A possible solution is to emit only N rows from each mapper and then use
1 reduce task [*]  if value of N is not very high.
So you end up with utmost m * N rows on reducer instead of full inputset
 and so the limit can be done easier.
If you ok with some sort of variance in the number of rows inserted (and
if value of N is very high), you can do more interesting things like
N/m' rows per mapper  and multiple reducers (r) : with assumtion that
each reducer will see atleast N/r rows  and so you can limit to N/r per
reducer : ofcourse, there is a possible error that gets introduced here ...
Regards,
Mridul
[*] Assuming you just want simple limit  nothing else.
Also note, each mapper might want to emit N rows instead of 'tweaks'
like N/m rows, since it is possible that multiple mappers might have
less than N/m rows to emit to begin with !

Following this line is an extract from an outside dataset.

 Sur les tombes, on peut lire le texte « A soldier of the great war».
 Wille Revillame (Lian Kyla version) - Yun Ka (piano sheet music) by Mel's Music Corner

Something Something wrote:
> If I set # of reduce tasks to 1 using setNumReduceTasks(1), would the class
> be instantiated only on one machine.. always? I mean if I have a cluster of
> say 1 master, 10 workers & 3 zookeepers, is the Reducer class guaranteed to
> be instantiated only on 1 machine?
>
> If answer is yes, then I will use static variable as a counter to see how
> may rows have been added to my HBase table so far. In my use case, I want
> to write only N number of rows to a table. Is there a better way to do
> this? Please let me know. Thanks.